Learning objectives

  • State the reward hypothesis: that goals can be captured by scalar reward signals.
  • Design a reward function for a concrete task and anticipate unintended behavior.
  • Identify and fix “reward hacking” (exploiting the reward design instead of the intended goal).

Concept and real-world RL

The reward hypothesis says that we can capture what we want the agent to do by defining a scalar reward at each step; the agent’s goal is to maximize cumulative reward. In practice, reward design is hard: the agent will optimize exactly what you reward, so oversimplified or buggy rewards lead to reward hacking (e.g. the agent finds a loophole that yields high reward without achieving the real goal). Examples: a robot rewarded for “distance to goal” might push the goal; a game agent rewarded for “score” might find a way to increment score without playing. Self-driving, robotics, and game AI all require careful reward shaping and testing for exploits.

Illustration (reward components): A typical self-driving reward might combine a large positive for reaching the goal, a large negative for collision, and a small negative per step to encourage speed. The chart below shows example magnitudes for each component.

Exercise: Design a reward function for a self-driving car that must reach a destination quickly without collisions. Then identify a potential “reward hacking” scenario where the agent might exploit your function (e.g., spinning in circles). Propose a modification to fix it.

Professor’s hints

  • Typical components: positive reward for reaching the destination, negative for collision, and often a small negative per step (or negative for time) to encourage speed. Write \(r(s,a,s’)\) or \(r(s,a)\) in words or formulas.
  • Reward hacking examples: getting reward for “being close to goal” without actually arriving (agent circles nearby); getting reward for “no collision” by stopping forever; penalizing time in a way that encourages running red lights to save time. Pick one and describe how the agent would exploit it.
  • Fixes: reward only on reaching the goal (terminal), not for proximity; add a time limit or penalty for not making progress; use a penalty for traffic violations; or shape reward to discourage the specific exploit you identified.

Common pitfalls

  • Rewarding the wrong thing: “Distance to goal” can be gamed (move toward goal then away repeatedly if reward is given every step). Prefer terminal success reward or progress that cannot be reversed.
  • Ignoring the agent’s perspective: The agent only sees the reward you give. If you forget to penalize something (e.g. comfort, legality), the agent will ignore it.
  • Over-shaping: Too much reward shaping can make the problem trivial or change the optimal policy. Prefer sparse, clear rewards when possible and add shaping only to help learning.

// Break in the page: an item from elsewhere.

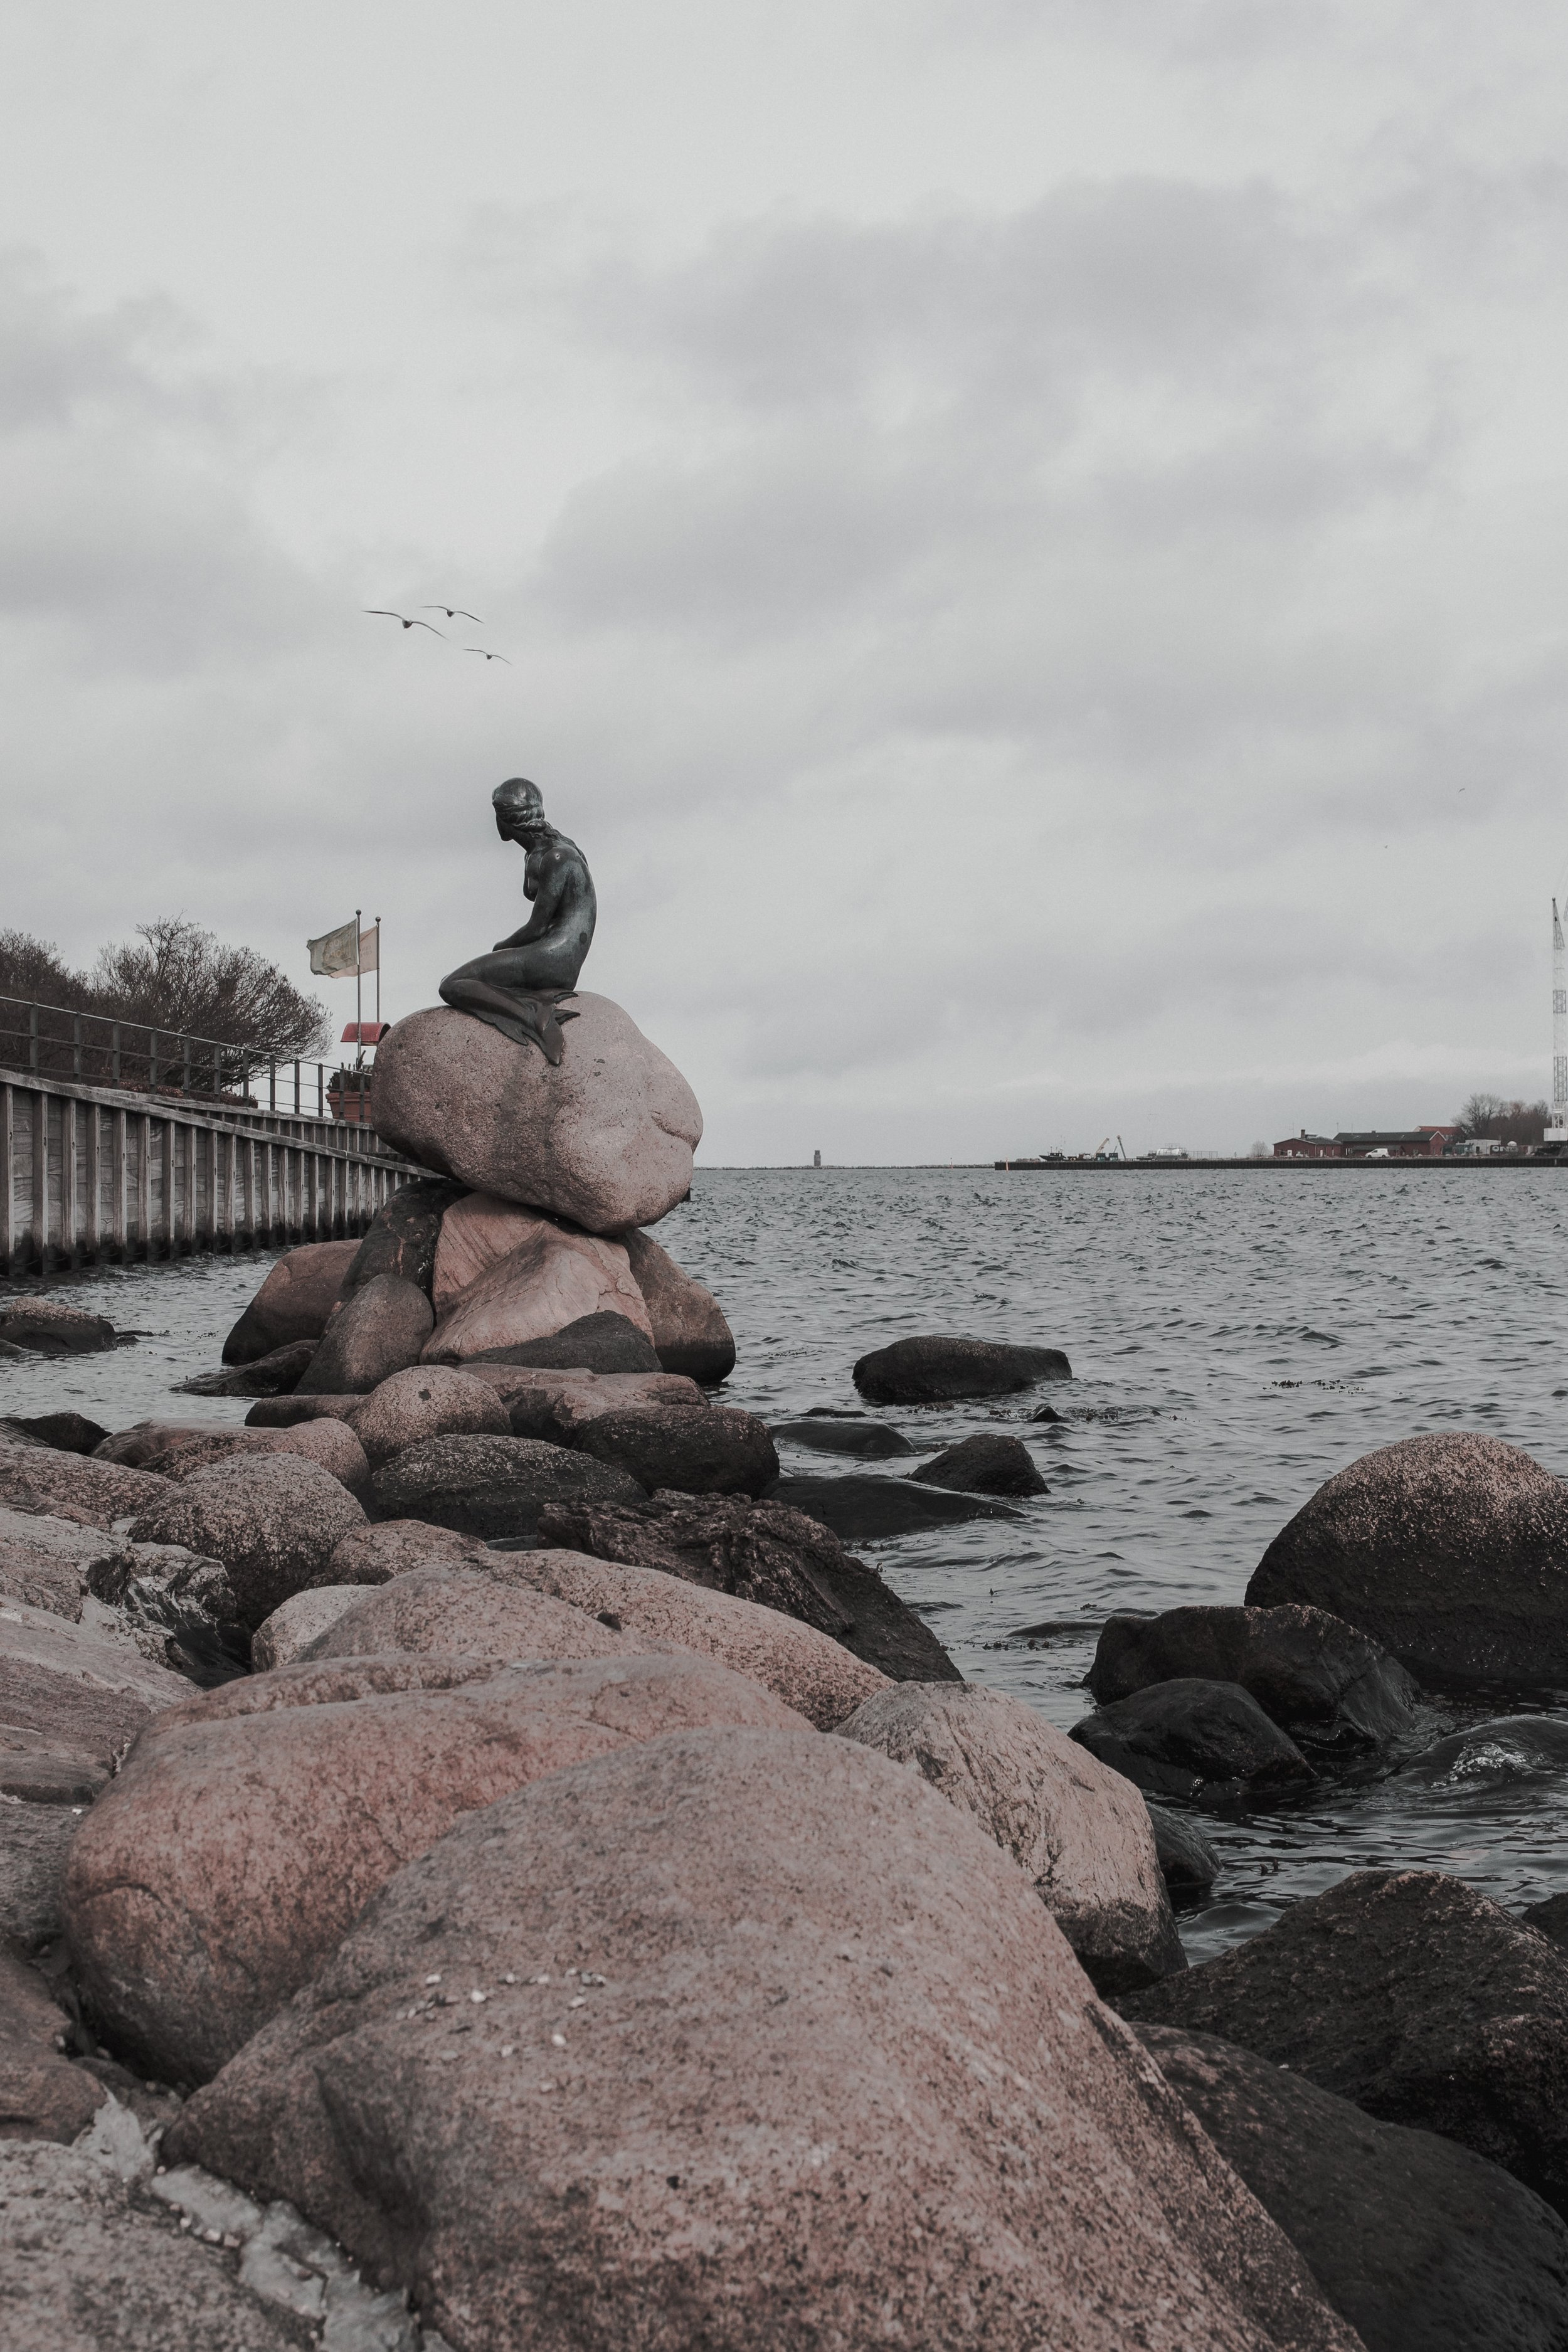 Little Mermaid is a must visit in Copenhagen.

Worked solution (warm-up: reward hacking in a game)

Warm-up: Give one example of reward hacking in a video game (e.g. “kill enemies” leading to farming spawn points). How would you change the reward to reduce the exploit?

Example: Reward = +1 per enemy killed. The agent discovers that standing near a spawn point yields a steady stream of respawning enemies and thus very high reward without completing the level or taking risk.

Fix: (1) Reward only for level completion or objectives (e.g. reach exit, defeat boss), not per kill. (2) Or cap reward per time window / per spawn region so that farming one spot has diminishing returns. (3) Or add a time penalty so that delaying (farming) reduces total return. The key is to tie reward to the intended goal (finish the level) rather than to a proxy (raw kill count) that can be gamed. In RL we always optimize the reward we define—so the design must match the real goal.

Extra practice

  1. Warm-up: Give one example of reward hacking in a video game (e.g. “kill enemies” leading to farming spawn points). How would you change the reward to reduce the exploit?
  2. Coding: Write a Python function that takes a reward function (state, action → float) and a list of trajectories (each a list of (s, a, r) tuples) and returns the mean return per trajectory. Test with a small hand-made trajectory.
  3. Challenge: Design a reward for a warehouse robot that must pick items and place them in bins. List at least two possible reward hacks and how you would modify the reward to address them.